The pipeline creates one output directory per set of simulated reads, below the directory provided for the --outdir parameter. The output directories are named
using the filename of the input reference genomes (excluding the file extension), with the additon of a 4-character string that is derived from the MD5 checksum of
the sample ID and the parameters used to generate the simulated reads.

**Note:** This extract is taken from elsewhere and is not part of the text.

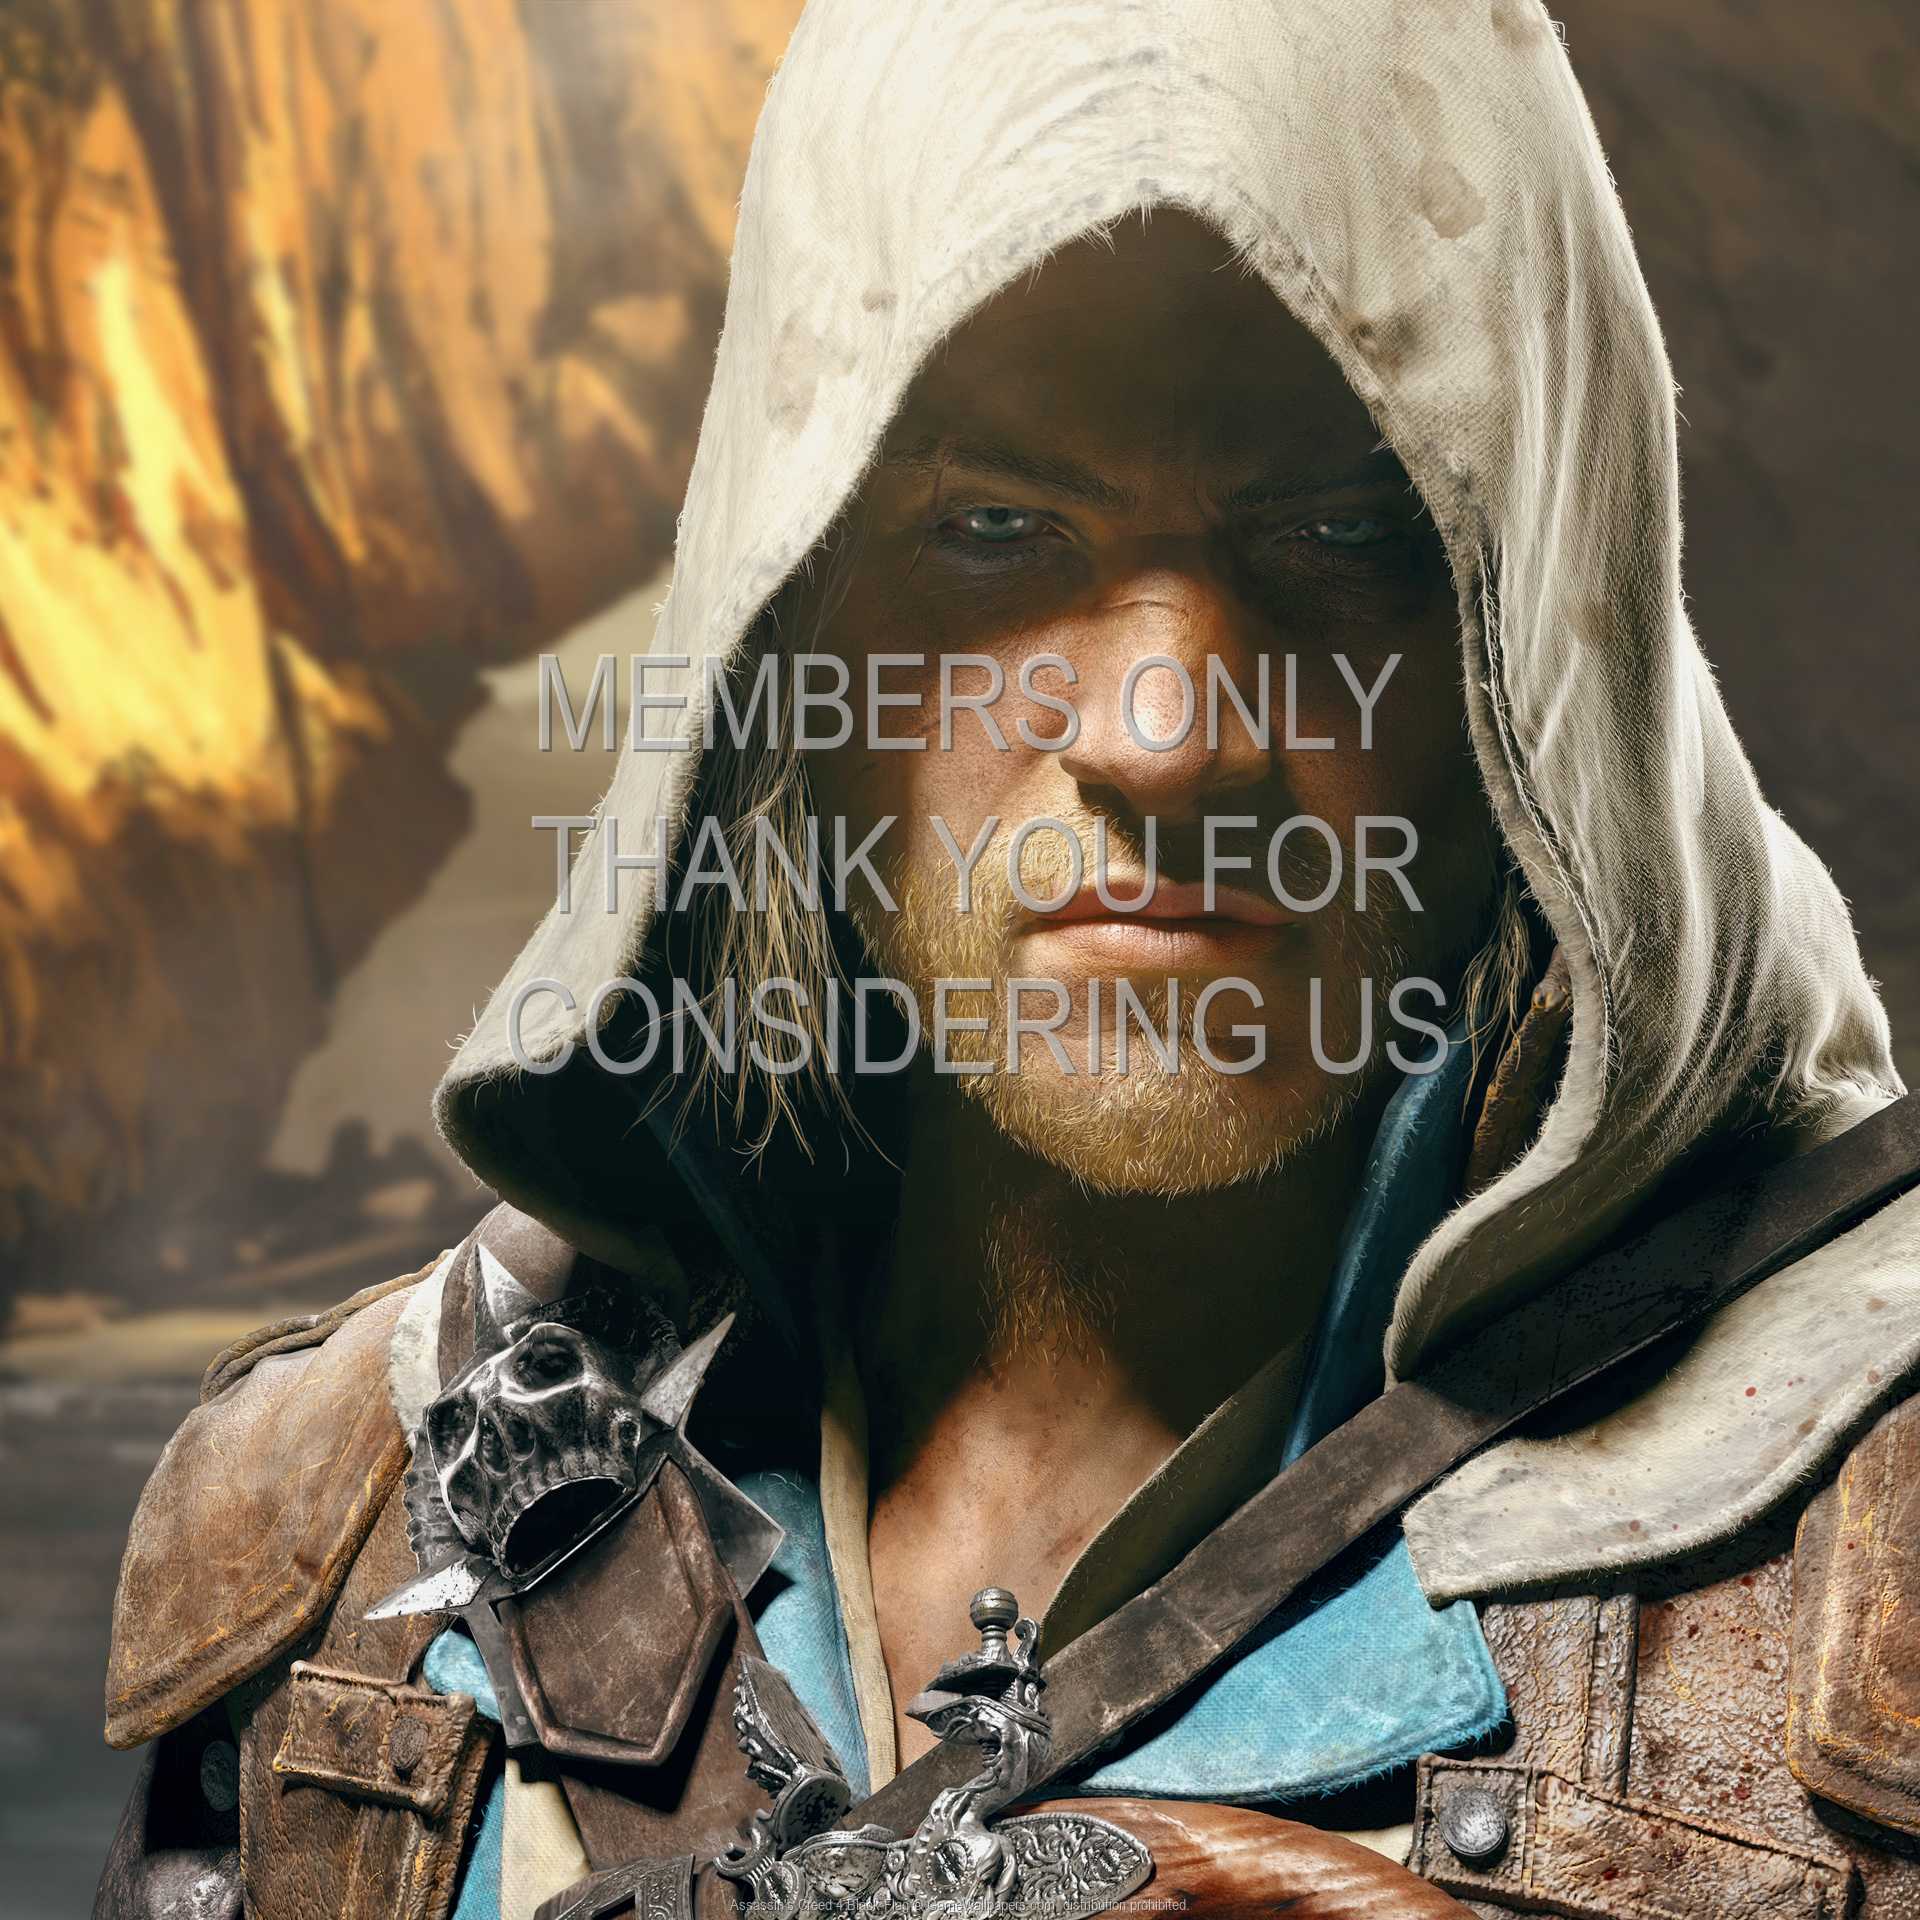 Assassin's Creed 4: Black Flag 1080p Horizontal Mobile wallpaper or background 12
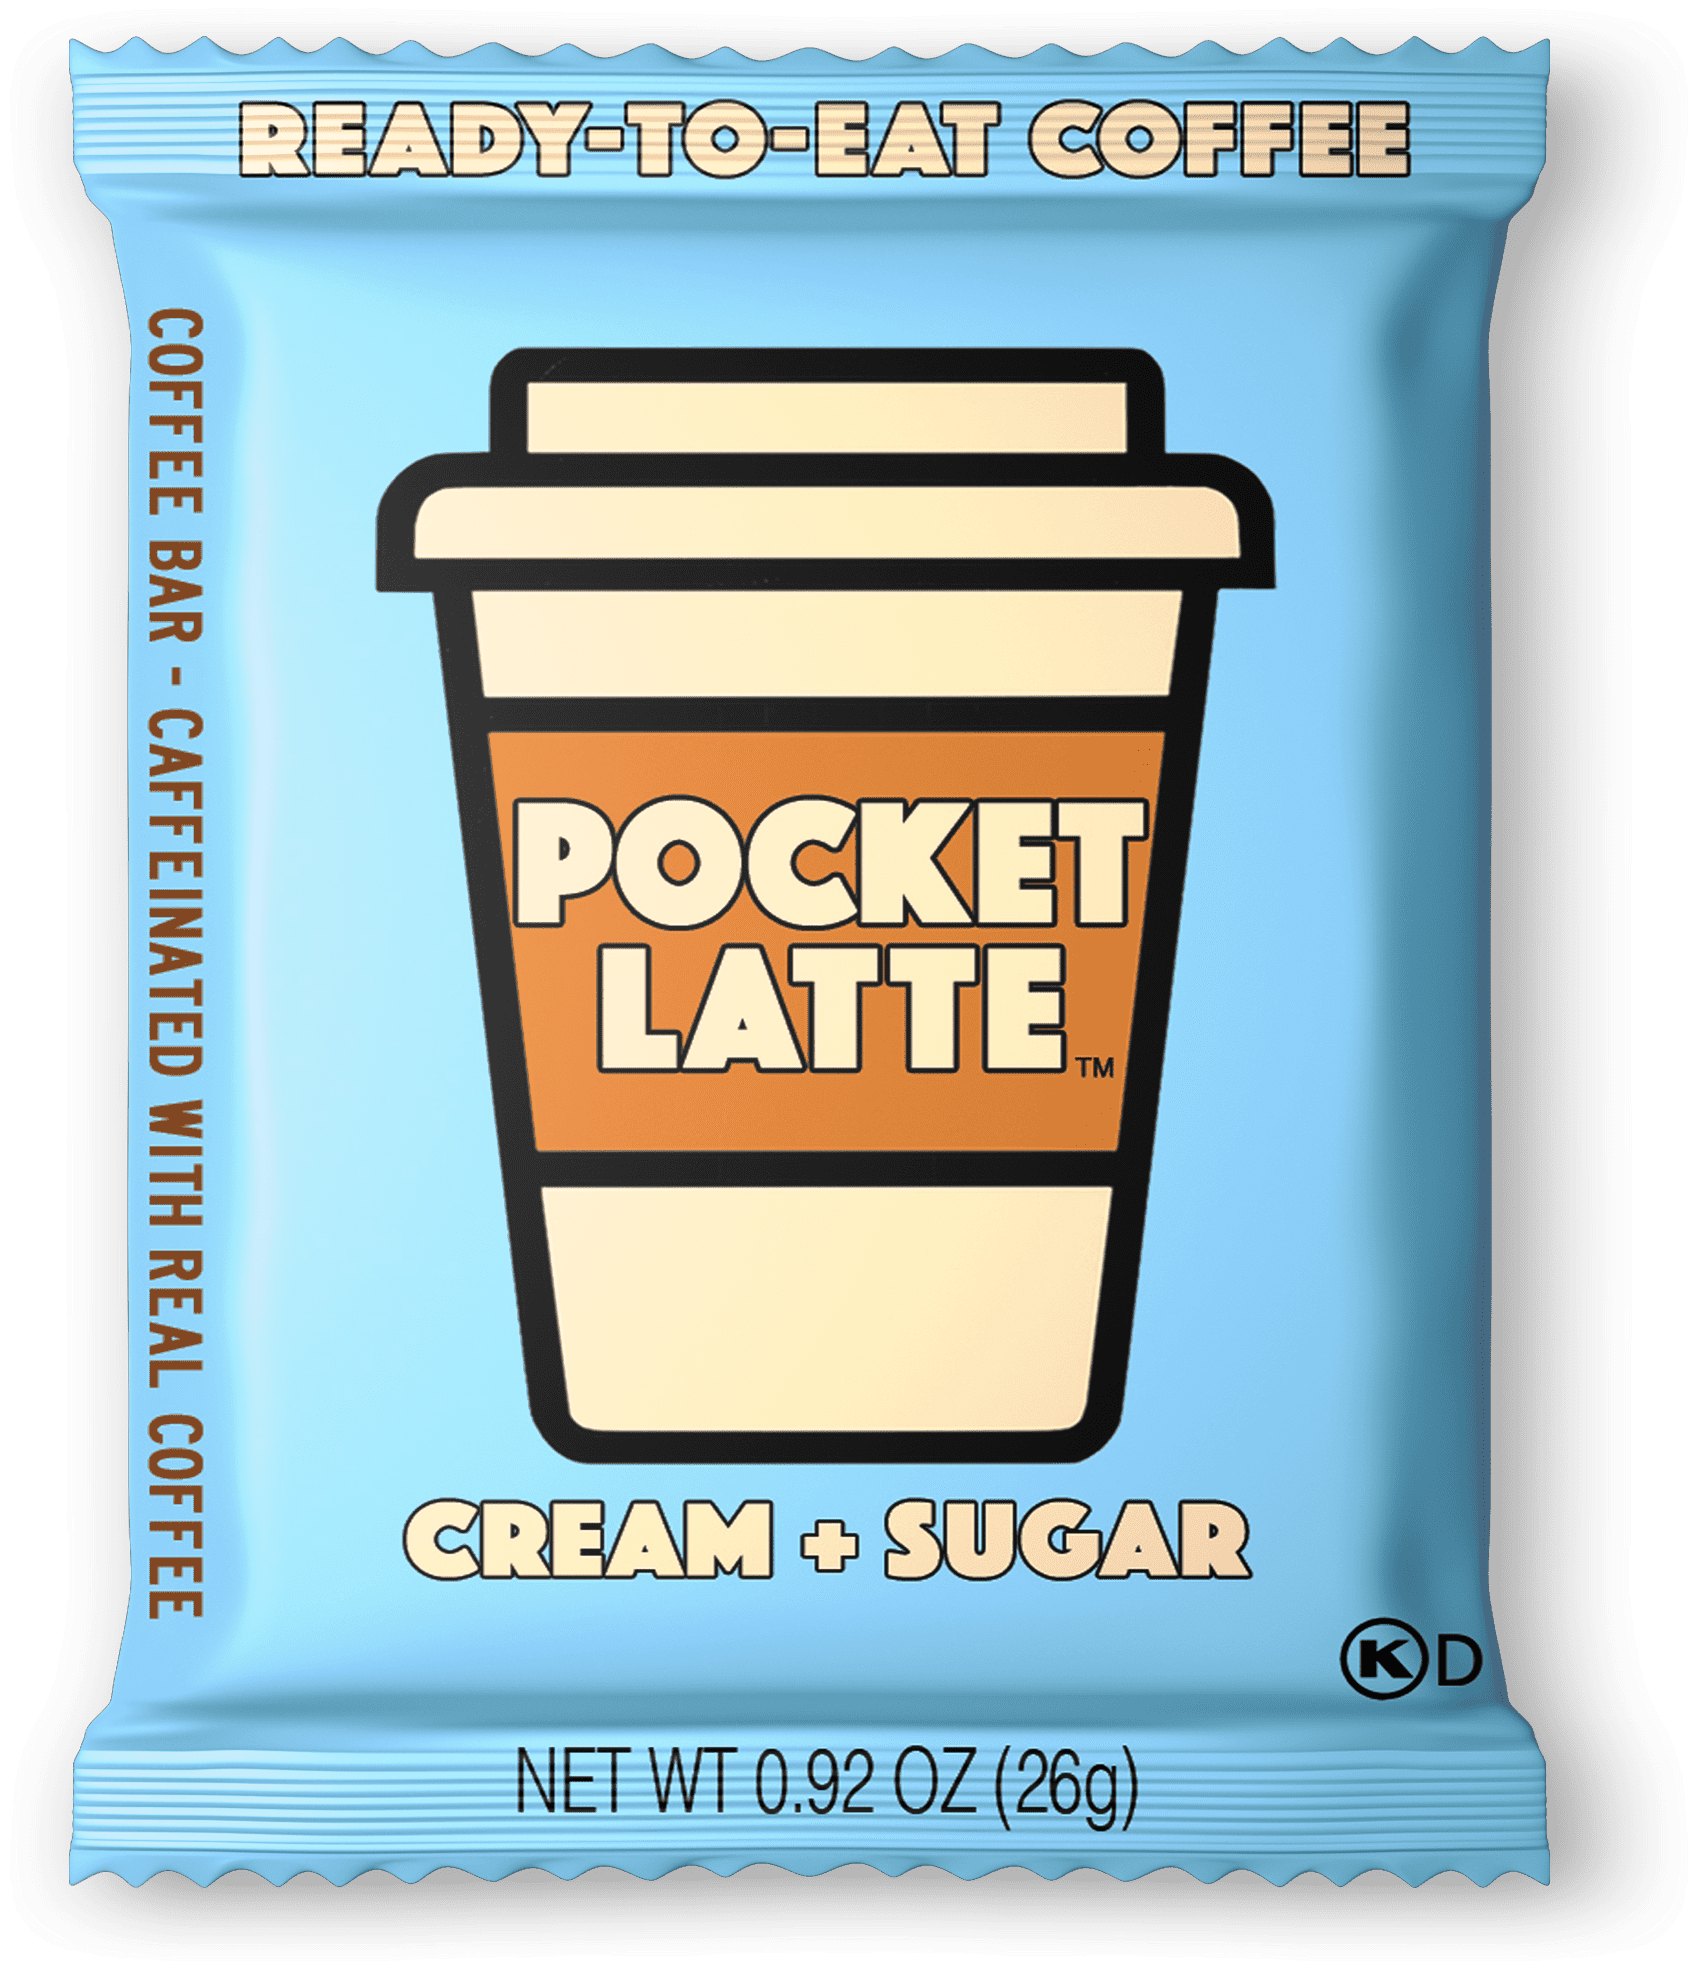 Pocket Latte ''Cream + Sugar'' Coffee Bar 8 innerpacks per case

For example, if we were to run this pipeline on a reference genome called ATCC-BAA-2787.fasta, including three contaminant genomes (ATCC-BAA-3053, ATCC-BAA-3038, ATCC-BAA-710), and output the files into a directory named output, the pipeline would produce the following outputs:
output
├── ATCC-BAA-2787-083b
│ ├── ATCC-BAA-2787-083b.bam
│ ├── ATCC-BAA-2787-083b.bam.bai
│ ├── ATCC-BAA-2787-083b_bamqc
│ ├── ATCC-BAA-2787-083b_fastp.csv
│ ├── ATCC-BAA-2787-083b_fastp.json
│ ├── ATCC-BAA-2787-083b_qualimap_bamqc_genome_results.csv
│ ├── ATCC-BAA-2787-083b_L.fastq.gz
│ ├── ATCC-BAA-2787-083b_read_simulation_parameters.csv
│ ├── ATCC-BAA-2787-083b_samtools_stats_summary.txt
│ └── contaminants
│ ├── ATCC-BAA-2787-083b-ATCC-BAA-3038_num_contaminant_reads.csv
│ ├── ATCC-BAA-2787-083b-ATCC-BAA-3053_num_contaminant_reads.csv
│ ├── ATCC-BAA-2787-083b-ATCC-BAA-710_num_contaminant_reads.csv
│ ├── ATCC-BAA-3038_contaminant_L.fastq.gz
│ ├── ATCC-BAA-3053_contaminant_L.fastq.gz
│ └── ATCC-BAA-710_contaminant_L.fastq.gz
├── ATCC-BAA-2787-096a
│ ├── ATCC-BAA-2787-096a.bam
│ ├── ATCC-BAA-2787-096a.bam.bai
│ ├── ATCC-BAA-2787-096a_bamqc
│ ├── ATCC-BAA-2787-096a_fastp.csv
│ ├── ATCC-BAA-2787-096a_fastp.json
│ ├── ATCC-BAA-2787-096a_qualimap_bamqc_genome_results.csv
│ ├── ATCC-BAA-2787-096a_L.fastq.gz
│ ├── ATCC-BAA-2787-096a_read_simulation_parameters.csv
│ ├── ATCC-BAA-2787-096a_samtools_stats_summary.txt
│ └── contaminants
│ ├── ATCC-BAA-2787-096a-ATCC-BAA-3038_num_contaminant_reads.csv
│ ├── ATCC-BAA-2787-096a-ATCC-BAA-3053_num_contaminant_reads.csv
│ ├── ATCC-BAA-2787-096a-ATCC-BAA-710_num_contaminant_reads.csv
│ ├── ATCC-BAA-3038_contaminant_L.fastq.gz
│ ├── ATCC-BAA-3053_contaminant_L.fastq.gz
│ └── ATCC-BAA-710_contaminant_L.fastq.gz
...
For both fastp and qualimap, the original outputs are parsed to create simplified .csv-formatted outputs.
The headers for the _fastp.csv output are:
sample_id
total_reads
total_bases
q20_bases
q30_bases
q20_rate
q30_rate
The headers for the _qualimap_bamqc_genome_results.csv output are:
sample_id
median_insert_size
mean_coverage
stdev_coverage
proportion_genome_covered_over_5x
proportion_genome_covered_over_10x
proportion_genome_covered_over_20x
proportion_genome_covered_over_30x
proportion_genome_covered_over_40x
proportion_genome_covered_over_50x
For each set of simulated reads, a record is made of which parameters were used to generate the reads. This record is stored in the _read_simulation_parameters.csv file and has
the headers:
sample_id
replicate
random_seed
fold_coverage
mean_read_length
stdev_read_length
junk_reads_percent
random_reads_percent
chimeras_percent
error_model
qscore_model
identity_mean
identity_max
identity_stdev
If contaminants are included, then a contaminants sub-directory will be created within each output directory. That directory includes files named with the simulated library ID and the contaminant ID, followed by _num_contaminant_read_pairs.csv. Those files have the following headers:
sample_id
contaminant_id
num_simulated_reads
num_contaminant_reads
target_contaminant_proportion
In addition to the _num_contaminant_reads.csv files, the reads that were used as contaminants are also included in the contaminants directory.